Many studies agree that tea and coffee are two excellent beverages for the body due to the bioactive compounds they contain. Rich in antioxidants, coffee works against inflammation and cellular aging and helps protect the body from certain chronic and cardiovascular diseases, cancer and even diabetes. Most of these beneficial effects are also found in tea.

To go further, researchers from the University of Kyushu (Japan) studied the impact of these drinks on people with type 2 diabetes. Thus, for almost five years, the scientist Yuji Komorita and his colleagues have followed the health status of almost 5,000 Japanese with an average age of 66 who suffer from this chronic disease. During his experience, 309 people died, 114 of them from cancer and 76 from cardiovascular diseases.

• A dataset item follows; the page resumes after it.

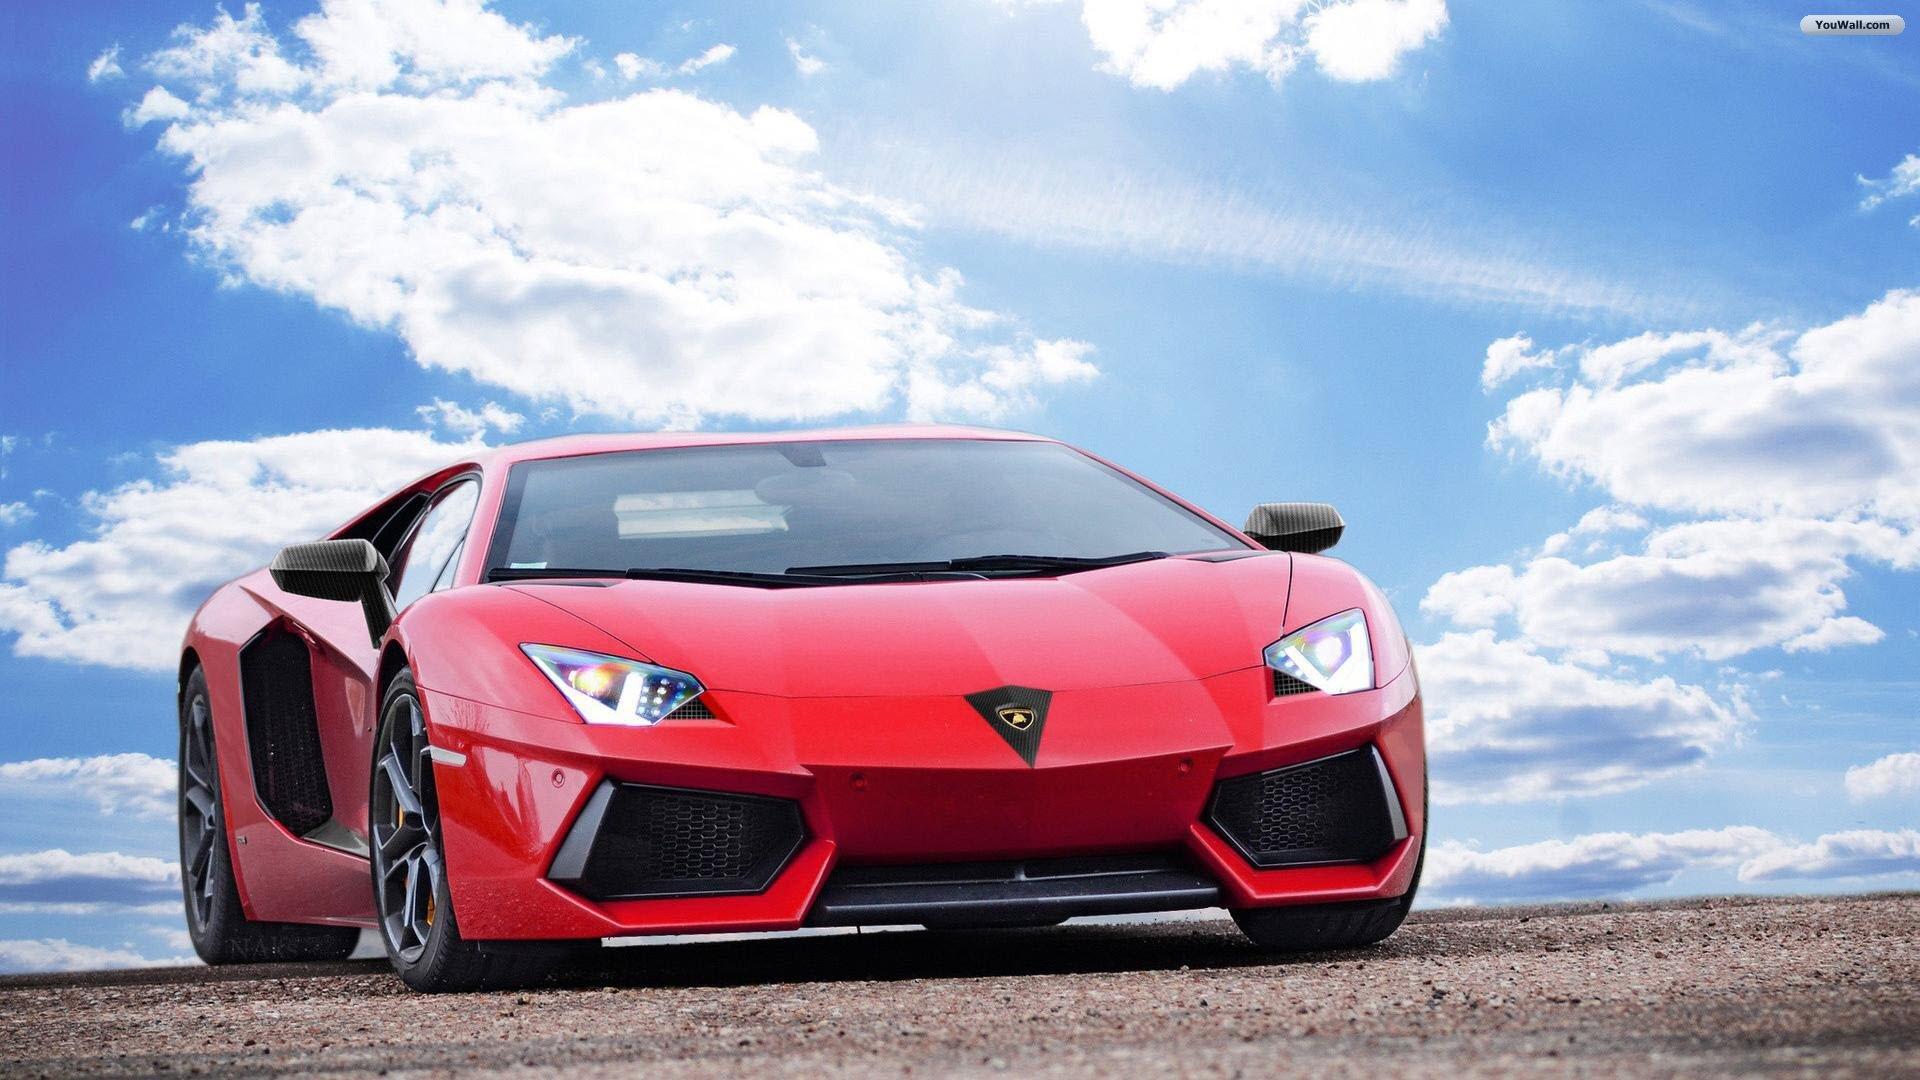 Red Lamborghini Wallpaper - WallpaperSafari Red Lamborghini Gallardo Wallpaper

But what the scientists found was that participants who drank one of the two drinks regularly were less likely to die than the others. Thus, those who drank at least one cup of green tea a day saw their risk of death decrease by 15% and up to 40% for heavy users (more than four cups a day). The same goes for coffee lovers: the risk of death was 19% lower with one cup a day and even 41% with two or more cups.

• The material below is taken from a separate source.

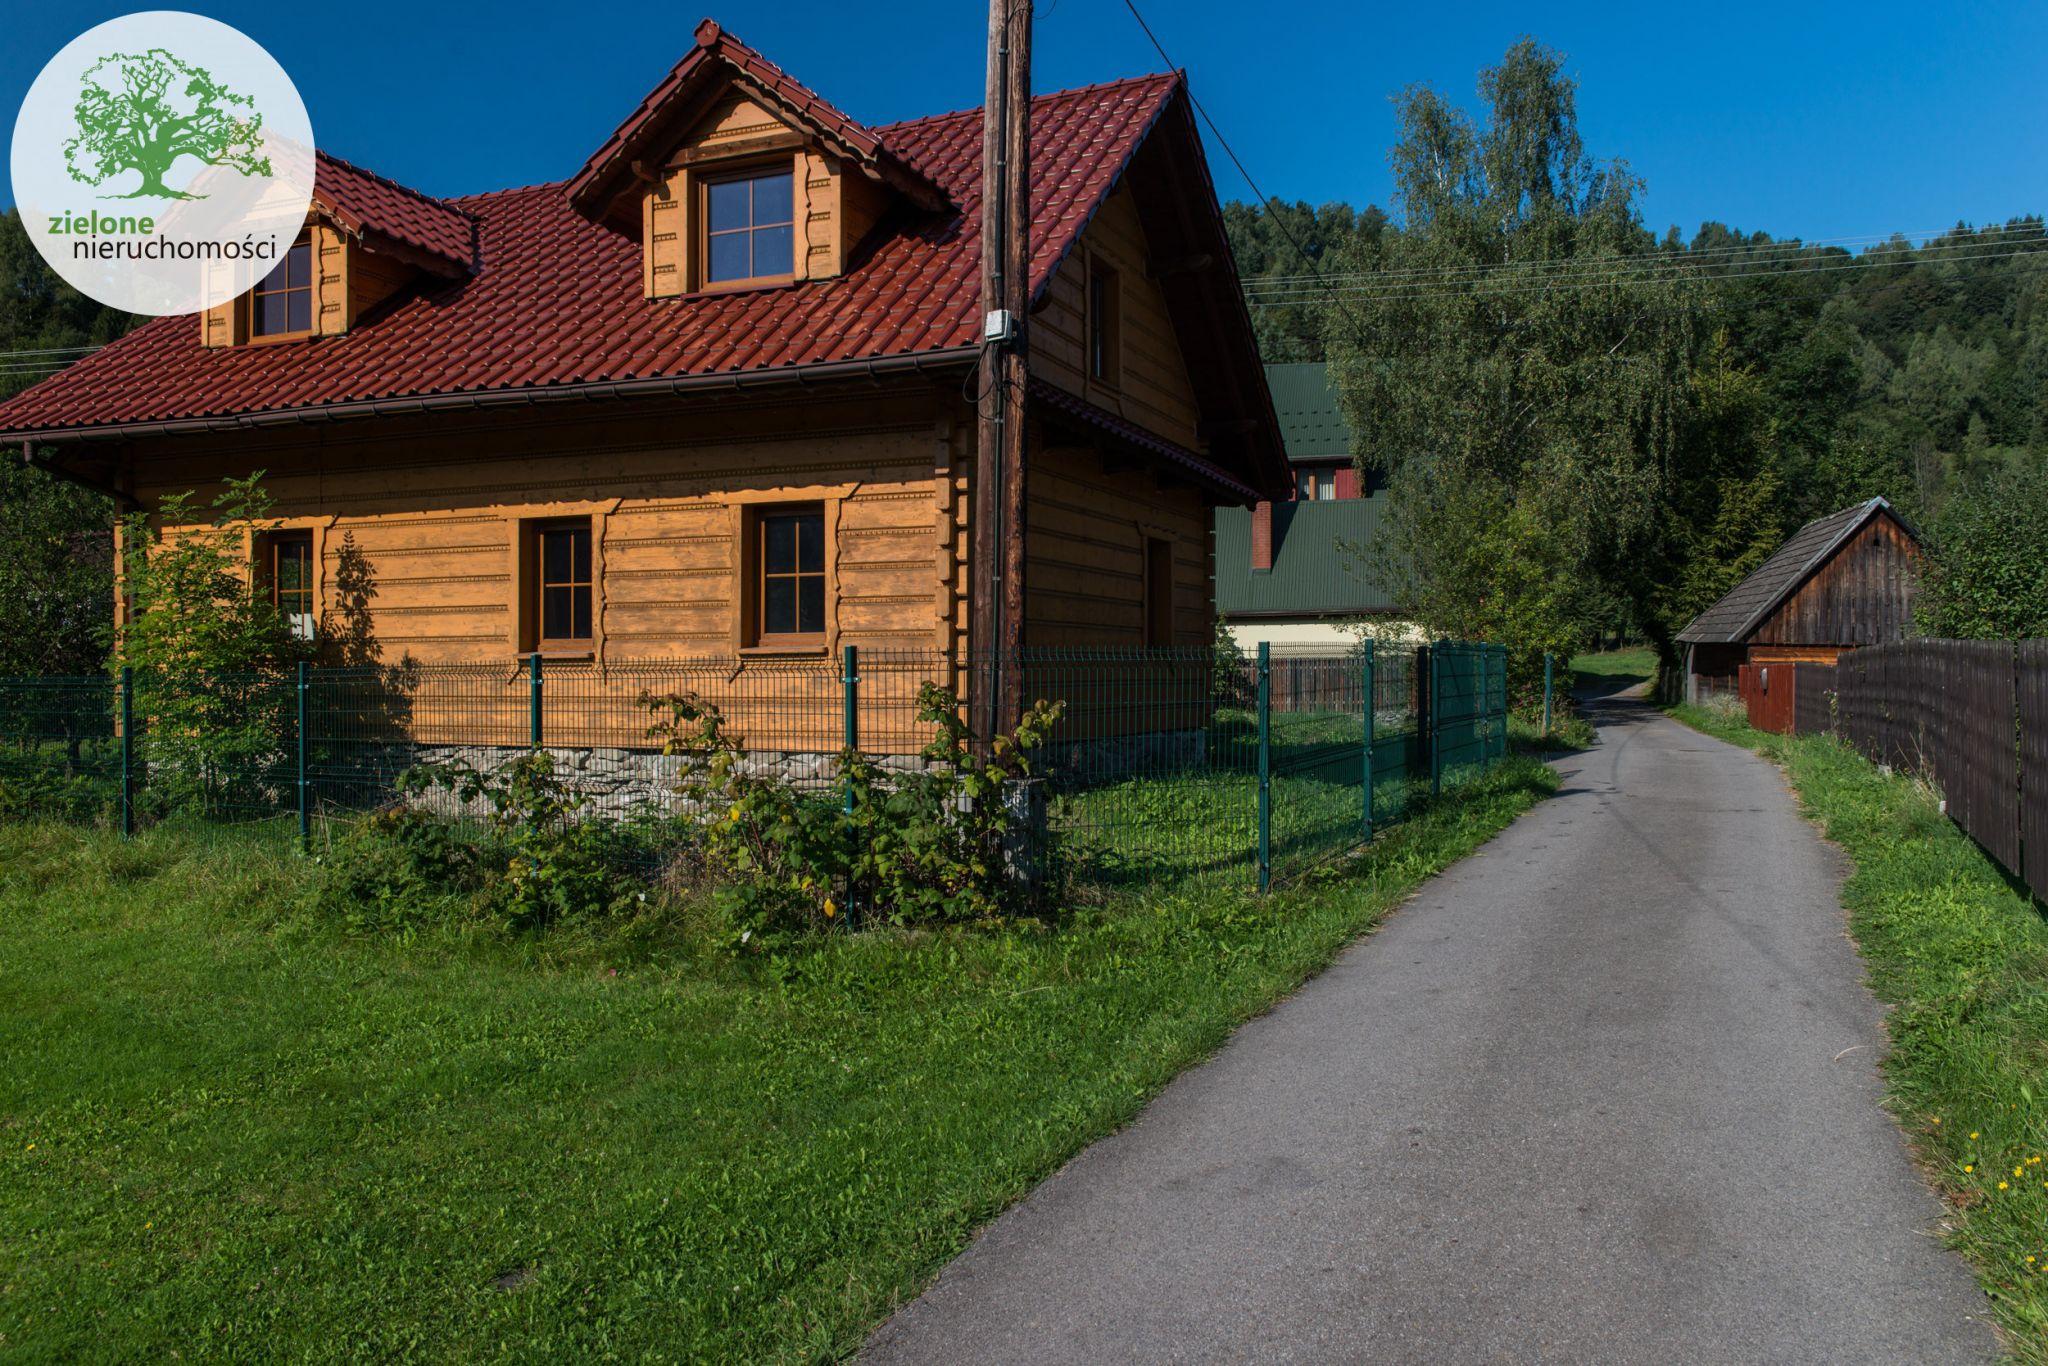 Drewniany, klimatyczny dom na wsi

Unsurprisingly, deaths from the heaviest drinkers (tea and coffee combined each day) were even less common - up to 63% lower risk for a combination of four cups of green tea and two cups of coffee per day!

Caffeine could affect insulin production

However, the authors of the study, published in the British Medical Journal: Open Diabetes Research & Care, are cautioned that this is only an observational study as no causal link has been discovered. "Tea contains several antioxidant and anti-inflammatory compounds, including phenols. Caffeine is believed to affect insulin production and sensitivity," the study read. So, tea or coffee? If you have diabetes, maybe even both.